Стив остановился и ответил – неловко, хрипловато, почти неслышно:

– Нет, подруги нет. По крайности… то есть… я ее не знаю. Вот.

– Ладно, спасибо.

Стив, все еще не решавшийся взглянуть мне в глаза, кивнул, потом поднял взгляд вверх и повеселевшим голосом, явно обрадовавшись возможности сменить тему, сообщил:

– Ну вот и пришли!

Он указал на закусочную с угловым фасадом, возвышавшуюся на другой стороне улицы, – полосатый, красно-белый тент над входом в нее украшала жирная надпись: «Папа Джонс».

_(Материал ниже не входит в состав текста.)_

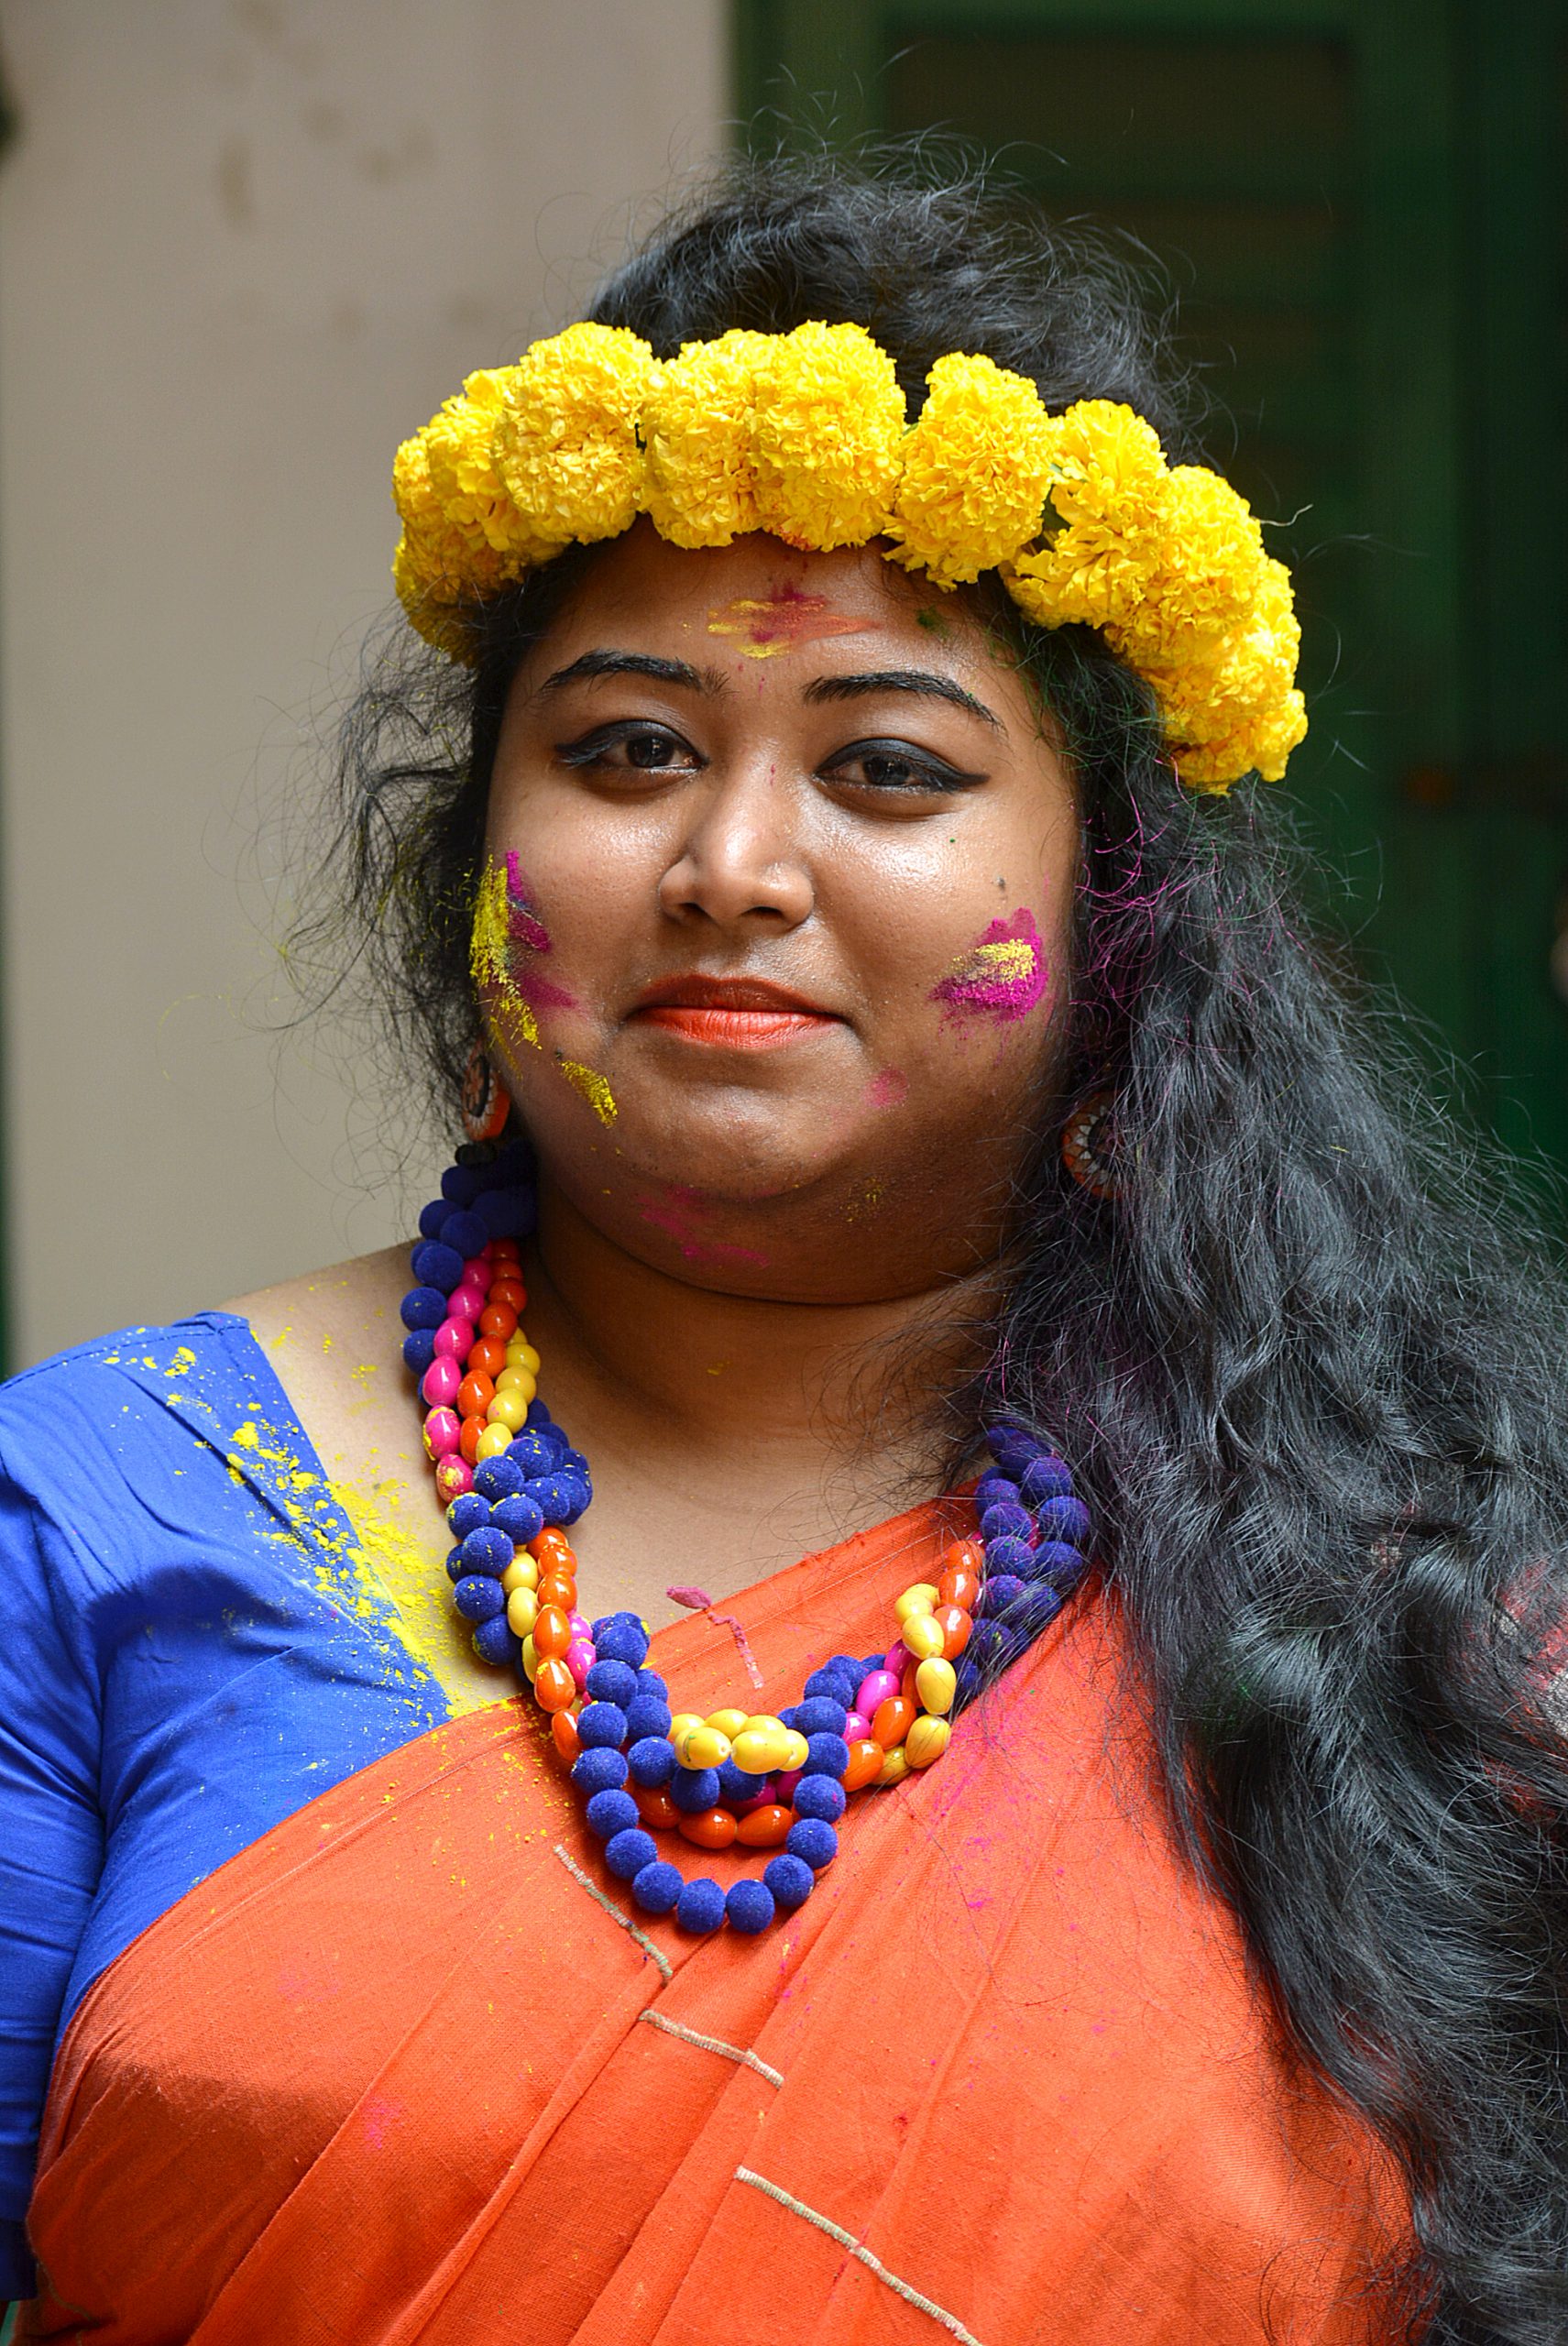 A woman during Holi festival

– «Папа Джонс»! – вскричал, без всякой на то нужды, Стив и трубным голосом прибавил: – Отчий дом знаменитых блинчиков папы Джонса!

Не торопись, сказал я себе, пересекая вслед за ним улицу. Чтобы снова прийти в себя, тебе понадобится помощь этого парня, так что не стоит смущать его и отталкивать. Откуда мне знать, может, он считает меня законченным козлом, другом моим никогда по-настоящему не был и просто ведет себя благовоспитанно – лишь потому, что это он уложил меня спать и повстречал сегодня утром. Не исключено, что он был бы рад очутиться как можно дальше отсюда.

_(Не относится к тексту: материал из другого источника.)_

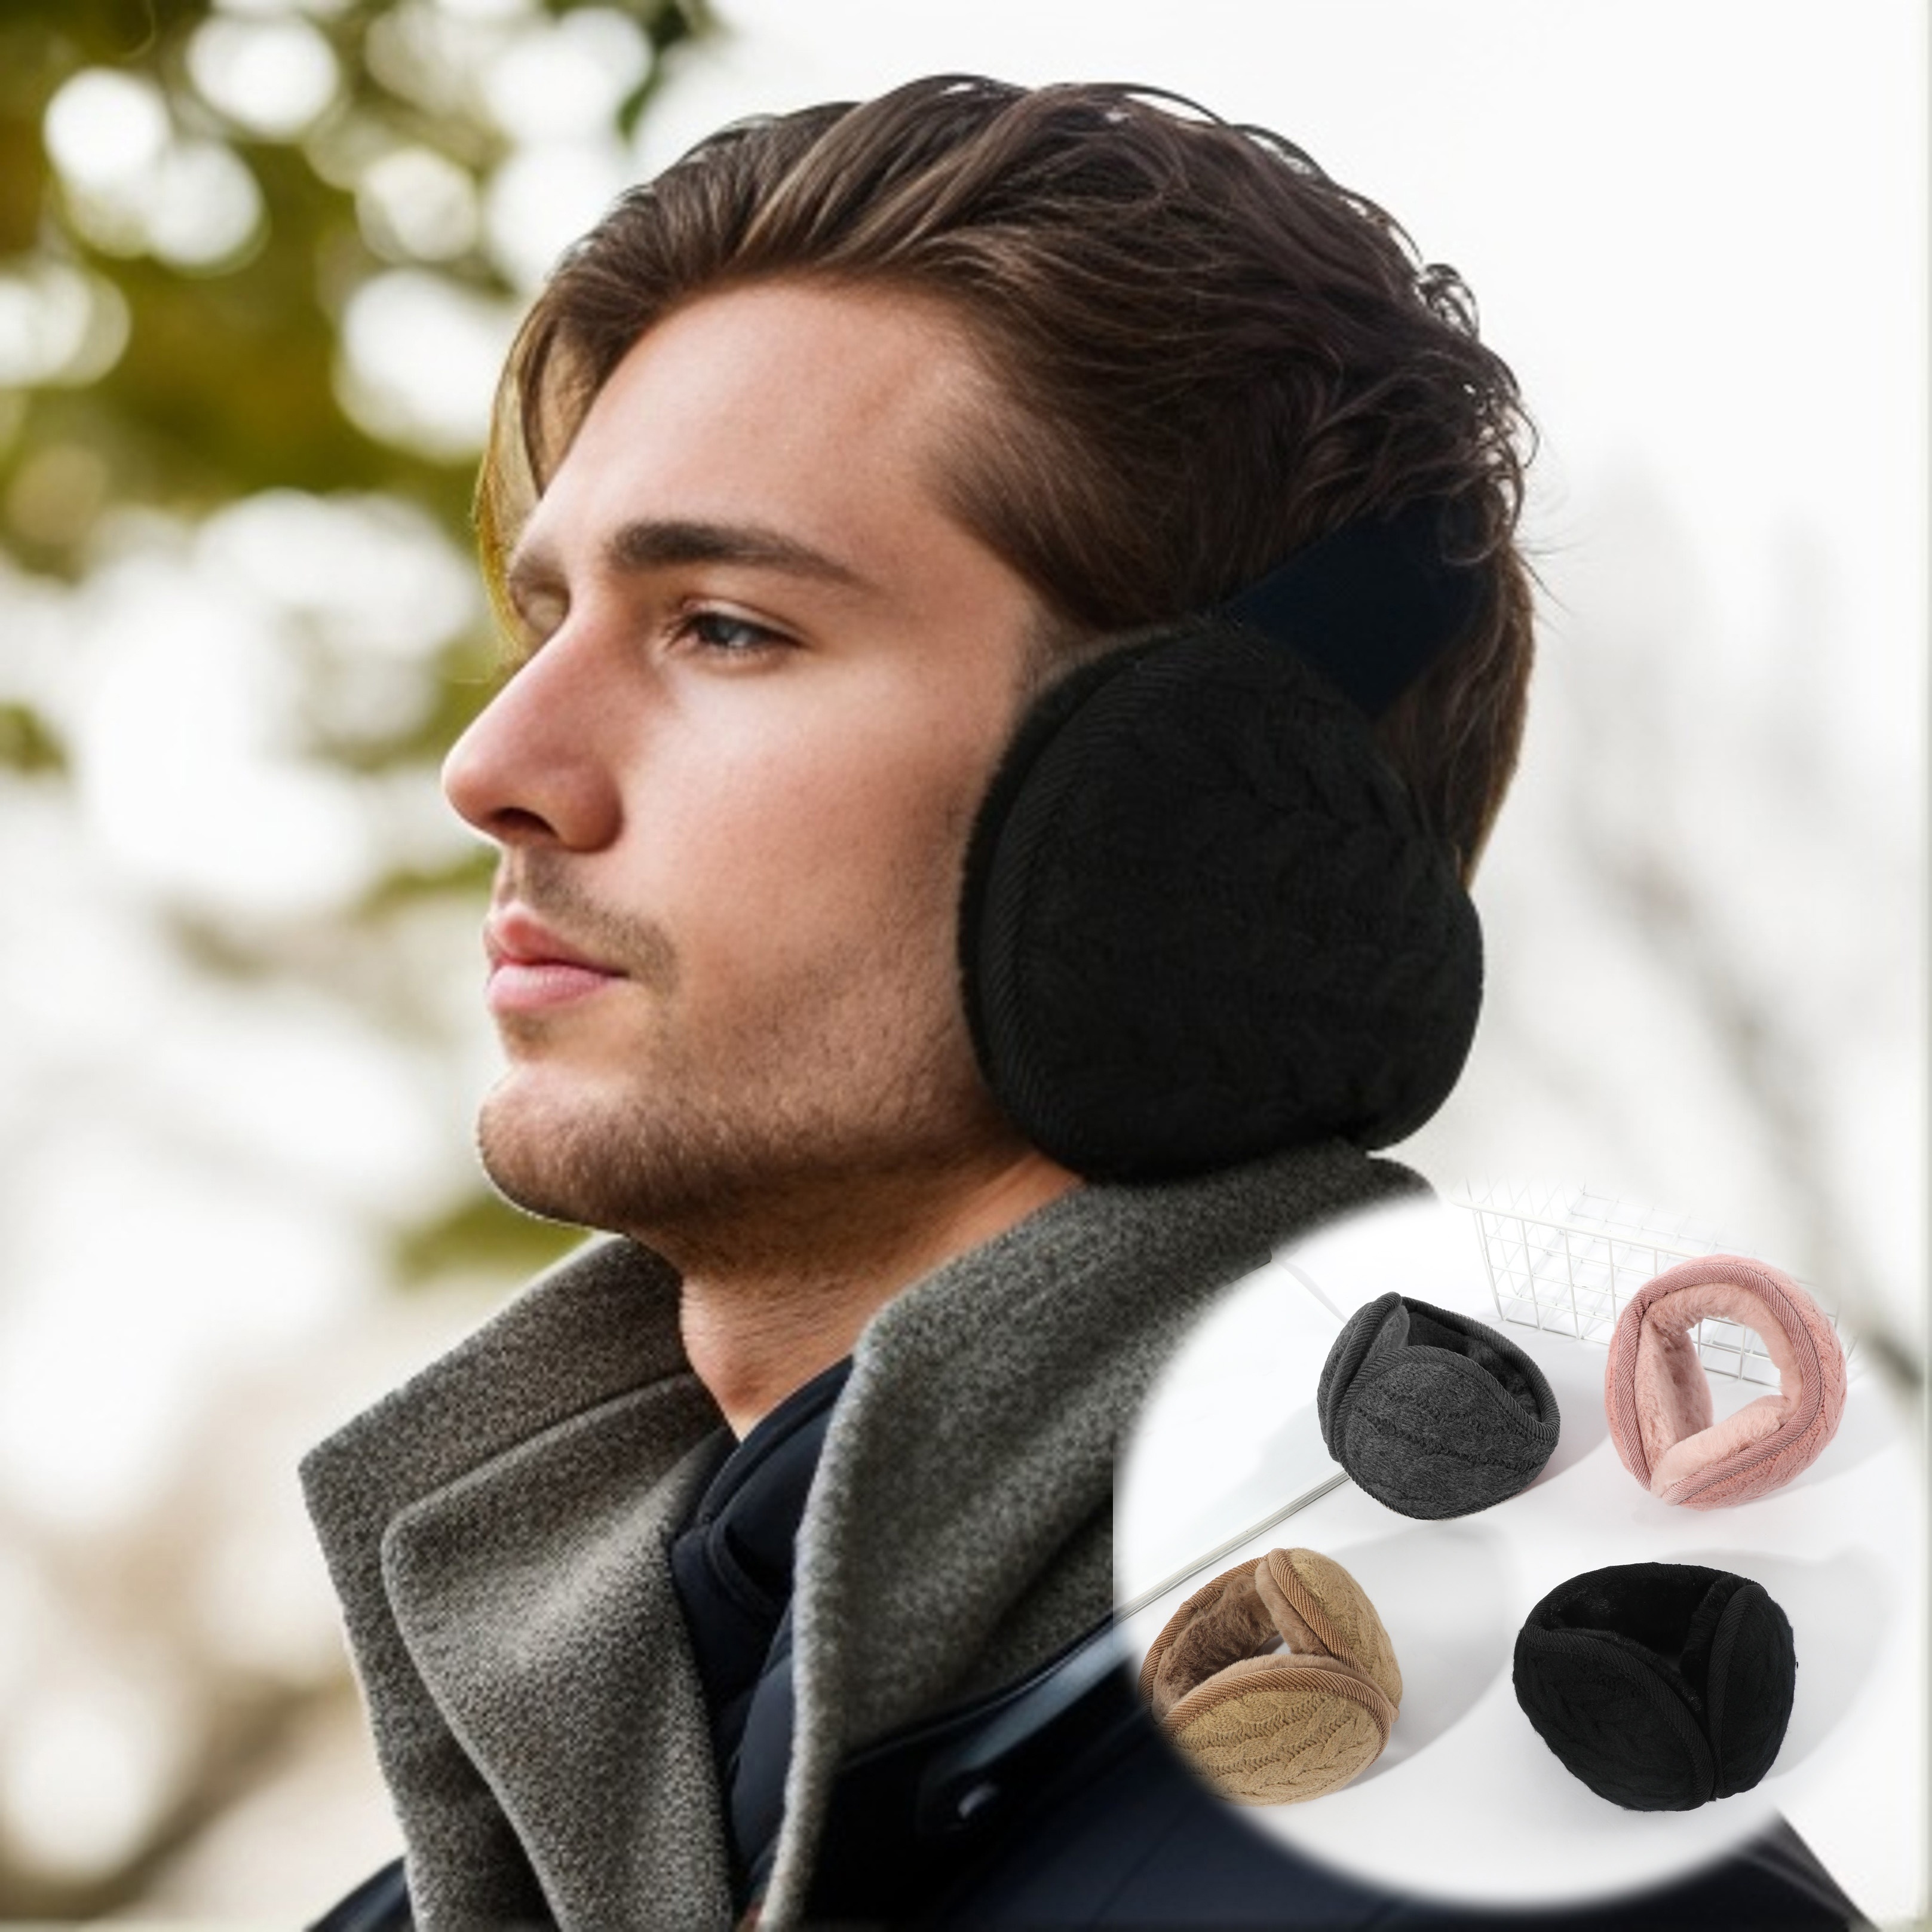 Winter Plush Earmuffs Outdoor Riding Skiing Warm Warm Earmuffs Protective  Ear Cover For Men And Women, Free Shipping On Items Shipped From Temu

Личного опыта общения с американцами у меня, почитай, не имелось, так я, во всяком случае, полагал, и потому меня удивило то, что Стиву столь явно не понравились мои вопросы о лучших друзьях и подружках. Мы, англичане, вечно осуждаем себя за неспособность говорить об отношениях между людьми, о наших сокровенных чувствах, одновременно осуждая американцев за неспособность говорить о чем-либо другом. Возможно, Стив неправильно меня понял. Я сказал себе «мы, англичане», поскольку, вопреки всем доказательным, обстоятельным, прямым свидетельствам в пользу противного, все еще держался твердой веры в то, что родом я из Англии, вырос в Гэмпшире, что произошла какая-то кошмарная ошибка или же кто-то сыграл со мной идиотскую шутку.

В конце концов, Пип, сказал я себе, не мог же ты выдумать свой выговор, лексикон, смутные воспоминания о девушке по имени Джейн и месте, называемом «Святой Матфей», как не можешь и подделать инстинктивный взгляд не в ту сторону при пересечении улицы… эй! Пока я увертывался от обозленно гудевшей машины, мне явилась новая мысль.

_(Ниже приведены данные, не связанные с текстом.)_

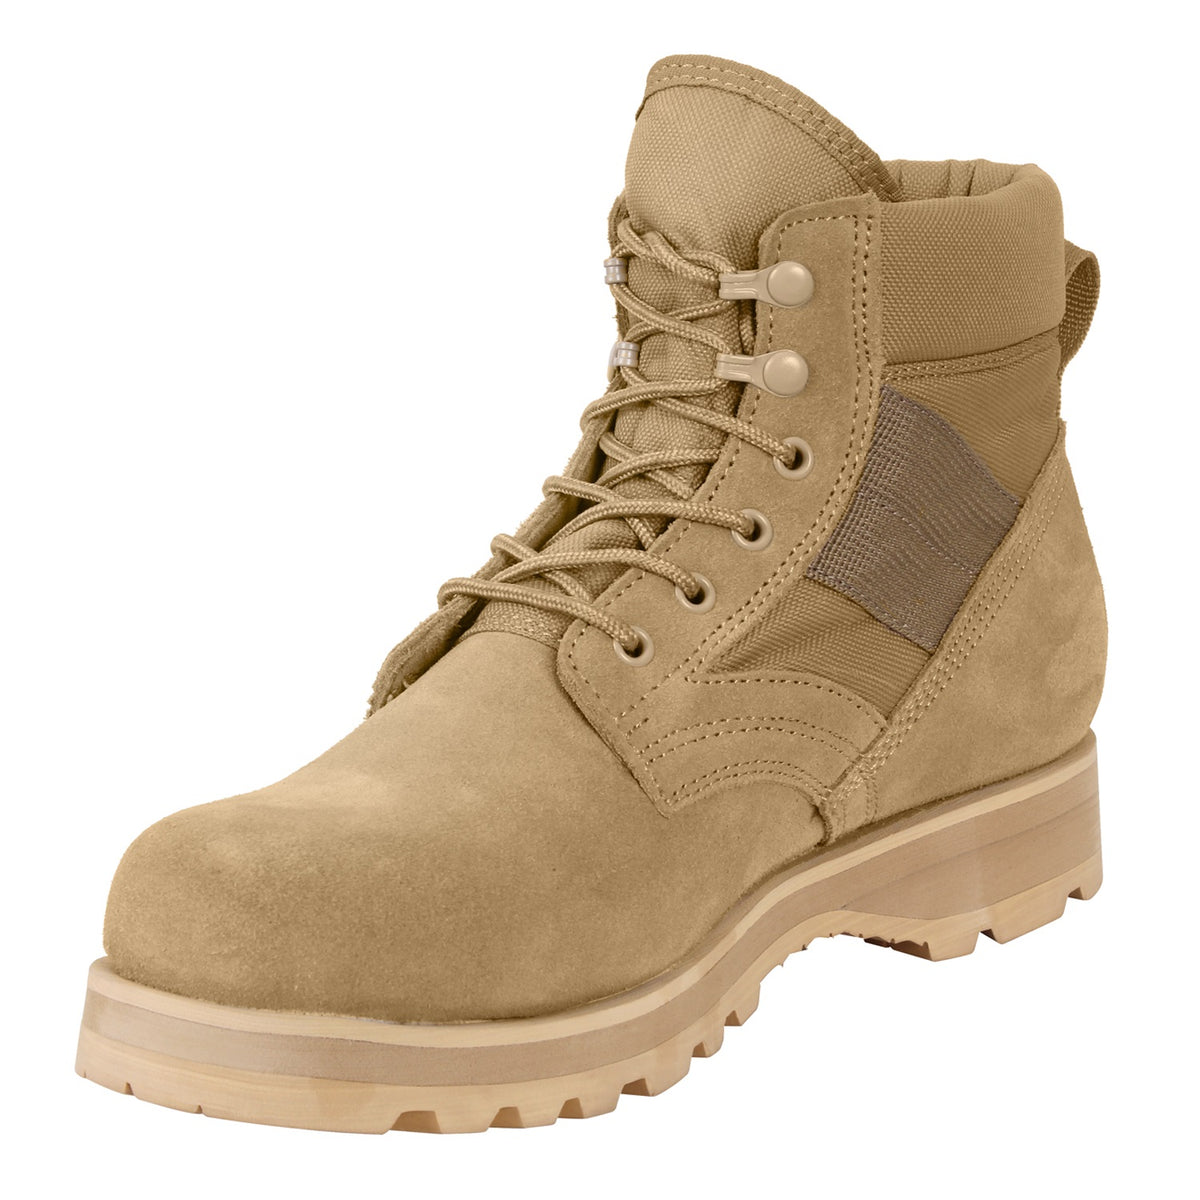 Rothco Military Combat Work Boots

Пип! Я только что назвал себя Пипом. Откуда взялось это имя?

Мы уже были на другой стороне улицы.

– А скажи, Стив, – поинтересовался я, – меня когда-нибудь называли Пипом? Было у меня такое прозвище? Пип или Пиппи?

Стив, открывая передо мной дверь «Папы Джонса», улыбнулся во весь рот:

– Ни разу не слышал. Только Майк да Майки. Хотя Пиппи тебе идет. Точно. Пиппи! Да, мне нравится…

– И это странно, – сказал я, шагая за ним, – потому что мне-то, похоже, не очень.

Мы уселись за столик у окна, выходящего на Нассау-стрит. Выходящего на Нассау, следовало, наверное, сказать. На столике стояли: солонка, перечница, хромированный держатель для салфеток, хромированный же кувшинчик с молоком, бутылка кетчупа «Хейнц», баночка горчицы «Гульден» и пепельница.

Первое, что сделал Стив, усевшись, – вытащил пачку сигарет «Стрэнд» и вытряс из нее одну для меня.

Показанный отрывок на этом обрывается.